There are 2 metal spiral stairs in the NE and SE corners of the chapel.  The worg had mentioned upstairs as being the home of chokers he wanted to get rid of.

There is a door on the south wall of the chapel.  

From just outside the chapel doors the hall went north and south.  

To the south the hall extends 30' with a couple of doors across from each other about halfway down the hall.  

To the north the hall turns right.  Presumably it would meet up with the hallway you looked down when you tried the north door in the courtyard.  You had seen a couple of doors when checking from there.

The trail of kobolds was fairly easy to make out since the hallway near the entry is caked with the muck of wet leaves and decades of debris.  Azog had marked it as heading north, and Fang tracking Kimi's scent concurred.


----------



## WarShrike (Dec 4, 2007)

Reaching out a hand towards Aidan, Azog murmurs in a low voice. Upon touching Aidan's shoulder, the pain of his wounds eases to a dull throb.

Cure Light Wounds: Aidan (1d8+1+2=5)

[SBLOCK=Spells]
Spells: Druid -- Level 0: 3, Level 1: 2
Spells: Cleric -- Level 0: 3, Level 1: 2+1

Druid Lvl 0 (DC=12): Cure Minor Wounds, Cure Minor Wounds, Detect Magic.
Druid Lvl 1 (DC=13): Cure Light Wounds, Entangle.
Cleric Lvl 0 (DC-12): Cure Minor Wounds, Cure Minor Wounds, Detect Magic.
Cleric Lvl 1 (DC=13): Cure Light Wounds, Cure Light Wounds, DOMAIN: True Strike.
[/SBLOCK]

"Well, unless some other ungodly beasts be skulking around, maybe we can finally explore this room. I'm particularly intrested in these so called 'Chokers'. I'm in no mood to be caught by those things from behind. Myself, i'll be seeing what can be seen from the top of this here stairwell."
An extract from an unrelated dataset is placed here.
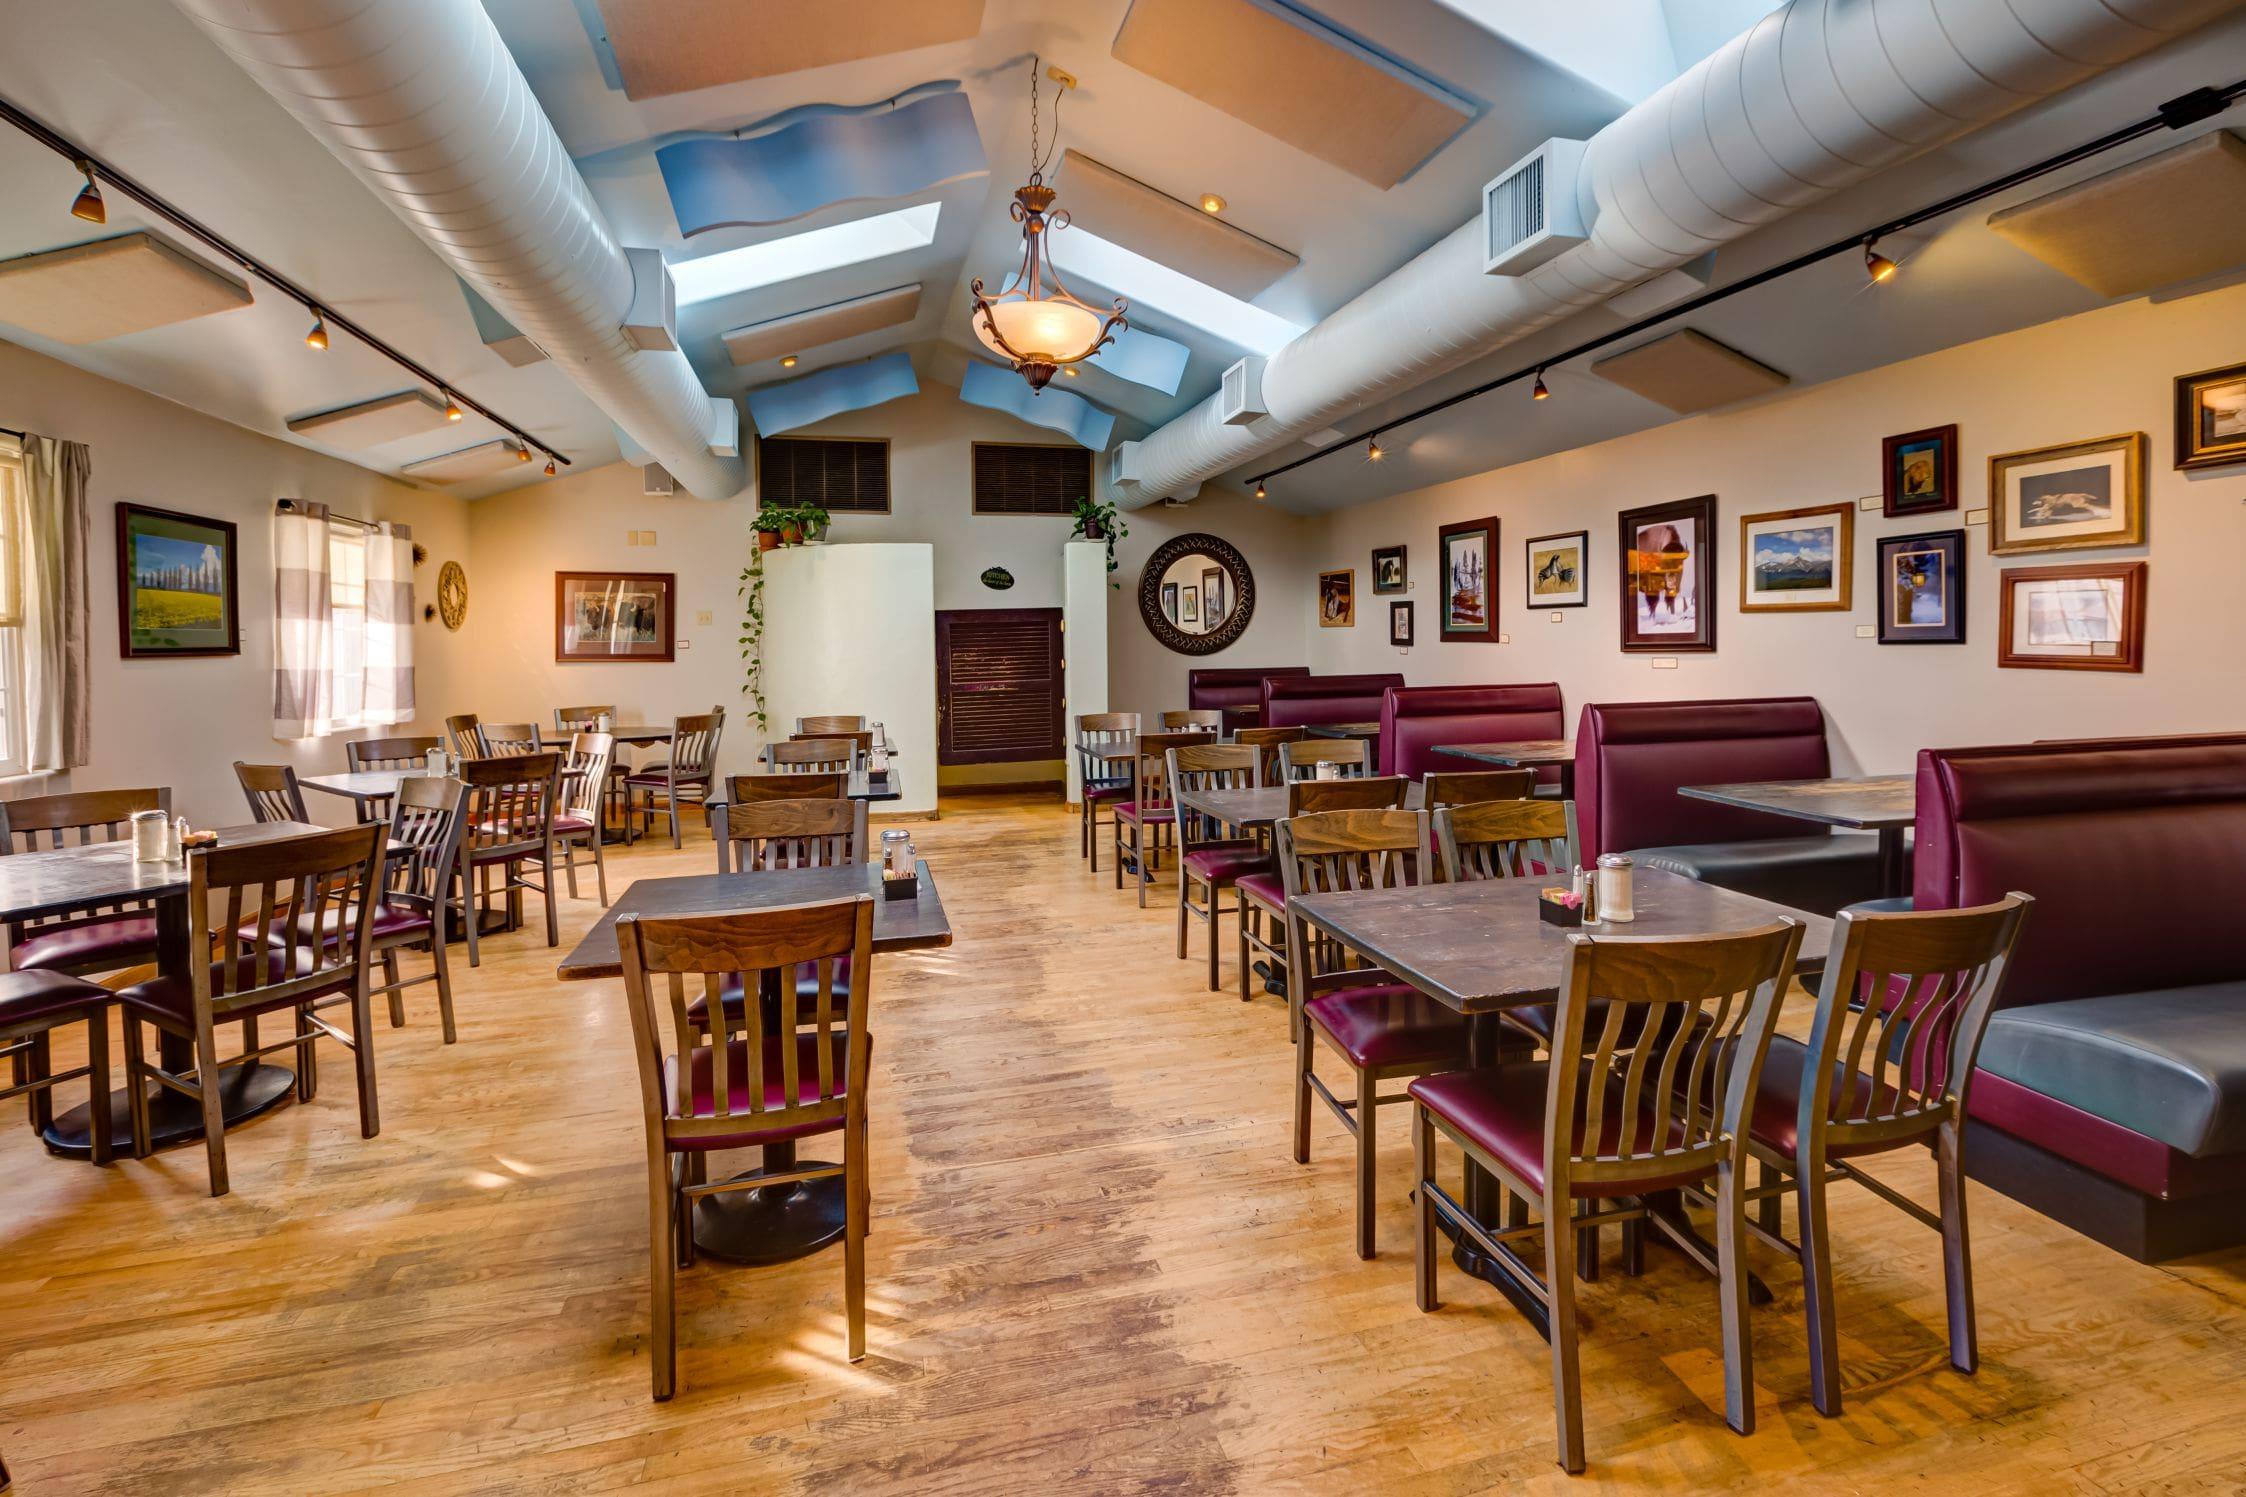 Cozy-Cottage-Restaurant-Denver-0001-min

With that said, Azog climbs the NE stairs, albeit guardedly. Fang follows, in that quirky way canines climb stairs.


----------



## OnlytheStrong (Dec 4, 2007)

Thank you for that old friend. Shall we continue? Aidan drops the club just long enough to load his crossbow, then picks up the club again.


----------



## Corpseflower (Dec 9, 2007)

The ancient iron stairs are caked with rust and they creak and groan under Azog's weight, but they are still sturdy enough to support him.  Strange that given so much time metal has proven less enduring than darkwood presumably cut from the valley.  At the top of the stairs a hallway runs the length of the chapel and another twenty feet or so beyond.  The hall takes a turn north of Azog's stairwell continuing on east.  The eastern stretch is fairly well lit from a series of windows overlooking the courtyard.  There are three doors spaced out down a rubble and debris strewn hall and it terminates in a view of the forest where the outer wall has fallen away.   A wooden railing between the two stairwells allows an overlook of the chapel and it's patron saints.  Five doors line the other side of this hall at even intervals.


----------



## OnlytheStrong (Dec 9, 2007)

I'm afraid that my spells are almost exhausted for today. Aidan remarkks and he follows Azog up the stairs.


----------



## WarShrike (Dec 9, 2007)

"Eight doors that i can see from here, lads. Three on this side. five on the other" reports Azog to the others below, then nods to Aidan, aknowledging his statement. He then speaks in a voice loud enough to be heard by all. "How long have we been awake? For myself, i was up just before dawn, yesterday. So far, the threat of danger and the excitement of battle have been keeping us alert and our fatigue at bay, but it won't hold. We will have to rest eventually, and that will be quite difficult if these so called 'Chokers' are free to roam these halls in hunt. If these creatures are so feared by the other inhabitants of these ruins, their lair would be a safe place to rest, after we dispatch them of course." Azog moves to the closest door, and after Fang and Aidan are ready on either side of him he will open the door, longsword and shield at the ready.


----------



## OnlytheStrong (Dec 9, 2007)

A rest would do us all good. Thank the gods for our warforged friend, as we have a guard. Let us find a room with one door, so that our friend does not have difficulty with the watch.  Aidan sees that Azog will open the door, nods to him and puts his crossbow at the ready.


----------



## Corpseflower (Dec 9, 2007)

The door swings in on a small ten by ten foot room.  Two simple beds, bedding rotted away long ago, take up most of the room.  The small arched window between the beds is splintered with cracks and so filthy that the light is dim.


----------



## Creamsteak (Dec 9, 2007)

OnlytheStrong said:
			
		

> A rest would do us all good. Thank the gods for our warforged friend, as we have a guard. Let us find a room with one door, so that our friend does not have difficulty with the watch.  Aidan sees that Azog will open the door, nods to him and puts his crossbow at the ready.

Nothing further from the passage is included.